Meluasnya kepercayaan tentang adanya konspirasi yang secara saling silang melibatkan birokrat negara, aparat pemerintah, dan pemodal kuat jelas menimbulkan berbagai dampak negatif dalam kehidupan berbangsa-bernegara. Kepercayaan pada adanya konspirasi menguras trust (percaya dan saling percaya) yang merupakan salah satu modal sosial pokok bagi sebuah negara untuk dapat solid dan utuh. Tanpa modal sosial ini, sulit bagi negara mewujudkan kemajuan.

Tak kurang parah, kepercayaan pada adanya konspirasi dapat mendorong menguatnya potensi-potensi kekerasan yang laten dalam masyarakat. Bukan tak mungkin ketika kalangan masyarakat yang sudah terkuasai pikiran konspiratif menjalankan hukumnya sendiri karena mereka merasa berbagai upaya demokratis, sesuai ketentuan hukum, dan damai menemukan tembok-tembok tak terlihat, begitu tebal dan tidak tergoyahkan.
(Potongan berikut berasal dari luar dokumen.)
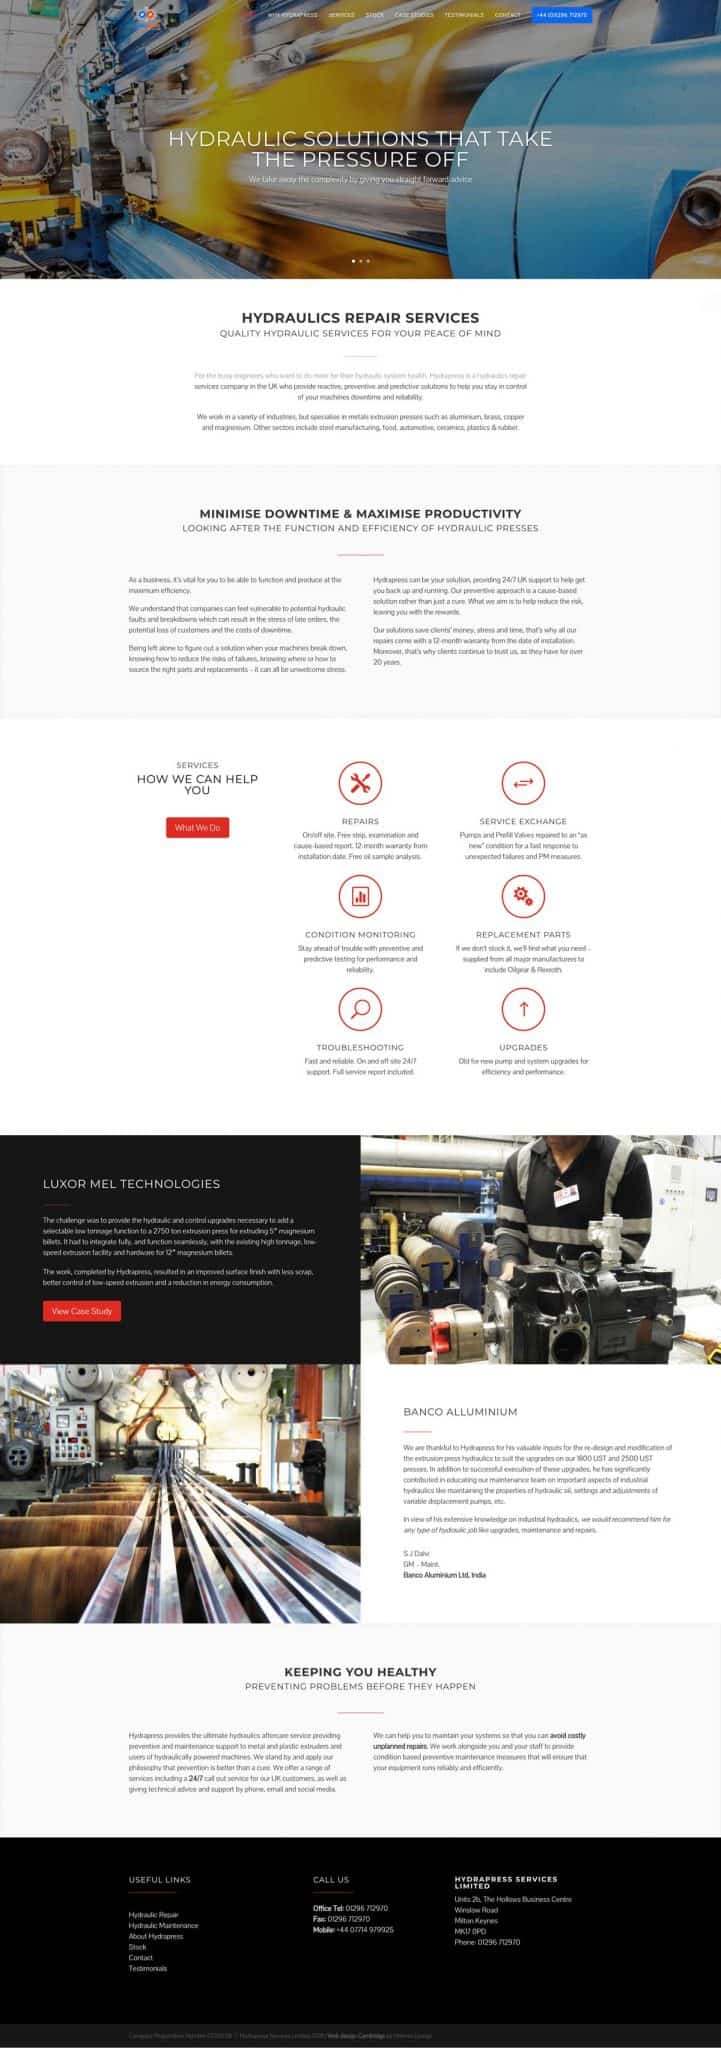 hydrapress home page

Atau sebaliknya. Persepsi konspiratif juga dapat memperkuat sikap apatis kalangan masyarakat terhadap negara dan pemerintah. Apatisme ini pada gilirannya mendorong kemerosotan partisipasi publik dalam proses-proses kehidupan berbangsa-bernegara. Kehidupan negara dan pemerintah yang diwarnai banyak persepsi konspiratif para warganya tak bisa diabaikan begitu saja. Gejala ini juga tak bakal hilang dalam perjalanan waktu; ia terus bertahan dan bahkan menguat jika tak ada perubahan sikap dan langkah pejabat publik terkait untuk mengatasi.

Jika kita ingin menghilangkan atau setidaknya mengurangi budaya konspiratif—baik pada level tindakan rekayasa maupun pada tingkat persepsi—langkah pertama mestilah dilakukan birokrat negara, aparat pemerintah, dan juga pemodal kuat. Pertama-tama mereka harus menundukkan diri kepada ketentuan hukum dan kerangka demokrasi yang lebih otentik. Jika ini dapat ditampilkan ke depan publik secara tulus, kepercayaan publik bisa tumbuh; dan secara perlahan trust bisa tumbuh kembali, dan pada saat yang sama pendekatan kekerasan massa dan apatisme warga sekaligus dapat berkurang.